La pratica di Emma Talbot parte dal disegno, dalla pittura e dall’installazione per favorire l’esplorazione di un panorama interiore che, correlandosi al pensiero e alle storie individuali, è in grado di tessere un legame stretto con gli ambiti più disparati della narrazione e dell’affettività.
Emma Talbot. Visions | Mucciaccia Project – Installazion – Courtesy Mucciaccia Gallery Project
Emma Talbot, Arcadia, 2024, acquerello su carta Khadi, 33.5 x 43 cm Courtesy Mucciaccia Gallery Project

Visions è il titolo della prima mostra di Emma Talbot (1969, Stourbridge, Regno Unito) in una galleria privata italiana. Mucciaccia Gallery Project, in via Laurina a Roma, ospita 10 dipinti su seta e 14 disegni dell’artista britannica che da qualche anno ha scelto di vivere in Italia, a Reggio Emilia. 
Nel suo testo curatoriale, significativamente intitolato “Mito, significato e una visione femminista di possibilità”, Wells Frey-Smith, curatrice del Barbican Centre, scrive: «In questi dieci nuovi dipinti su seta esposti nella mostra Visions, l’incertezza viene resa visivamente. La tipica figura senza volto di Talbot volteggia, fluttua e precipita in mezzo a terreni tempestosi e infiniti.

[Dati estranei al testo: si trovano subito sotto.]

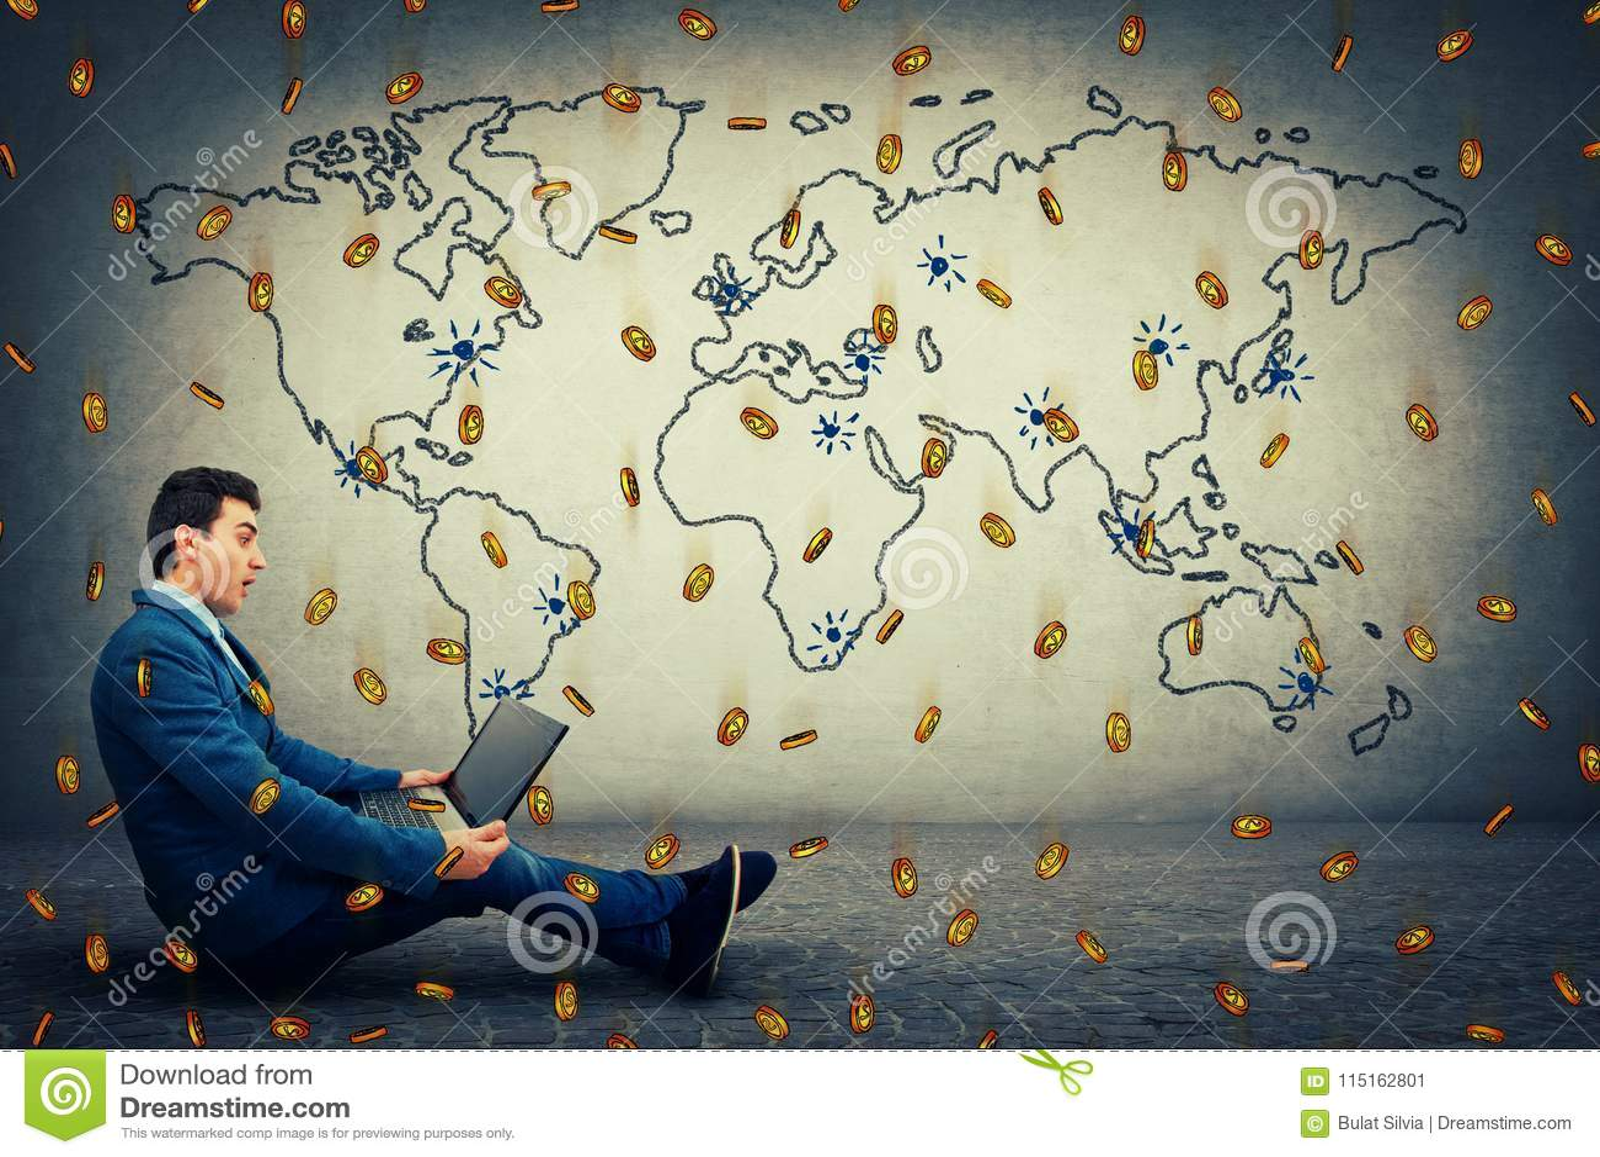 Globale virtuelle Währung

L’opera di Talbot è piena di suggestioni di potere, ma non raffigura mai la violenza atroce e la distruzione che pervadono la vita contemporanea. Tuttavia, l’incertezza abbonda. Infatti, l’artista è ripetutamente circondata – di immagine in immagine, di seta in seta – da spirali vorticose simili a piccole tempeste che la fanno roteare. Per quanto belle possano essere, le spirali sono dei minacciosi vortici di caos, delle tempeste esterne che rappresentano tutto ciò che è destabilizzante per la nostra esistenza».
La pratica di Talbot parte dal disegno, dalla pittura e dall’installazione per favorire l’esplorazione di un panorama interiore che, correlandosi al pensiero e alle storie individuali, è in grado di tessere un legame stretto con gli ambiti più disparati della narrazione e dell’affettività. Nel fare ciò, l’artista rintraccia i suoi referenti all’interno di un contesto che afferisce alla mitologia e alle storie femminili integrando una narrazione che si lega, a uno sguardo più attento, con le dinamiche di pensiero relative alle questioni contemporanee dominanti. Incorporando testi scritti da lei stessa o citazioni da altre fonti, Talbot investiga un universo personalissimo, reso accessibile da una pittura e da un disegno che sembrano proiettare chi guarda al di là di una soglia. Vortici, visioni, cadute sono gli elementi generatori di una composizione che diventa piano magnetico, in grado di attirare e incorporare lo sguardo. Investigando il privato come elemento politico, di genere, sociale, Talbot crea un’intersecazione di piani percettivi secondo cui la natura, la tecnologia e il linguaggio diventano un tutt’uno con l’immagine, le forme, i colori. 
Con il progetto vincitore del Max Mara Prize for Women in Art, Talbot ha messo in discussione concetti profondamente radicati come quelli di autorità, governance e rappresentazioni femminili, a partire da uno stimolo e da un punto di vista personali, sondati per vagliare le potenzialità di un’apertura sul piano collettivo e universale. In quella circostanza, l’artista aveva impiegato come starting point Le dodici fatiche di Ercole (1905) di Gustav Klimt, opera che ritrae, con un’espressione di presunta vergogna, una donna anziana nuda in piedi. L’artista si è così proposta di infondere nella figura della donna anziana un senso di libero arbitrio, presentandola mentre supera una serie di sfide simili alle fatiche di Ercole. Attraverso queste prove moderne, Talbot intende conferire alla donna la capacità di riformare la società contemporanea, contrastando le visioni negative prevalenti sull’invecchiamento. 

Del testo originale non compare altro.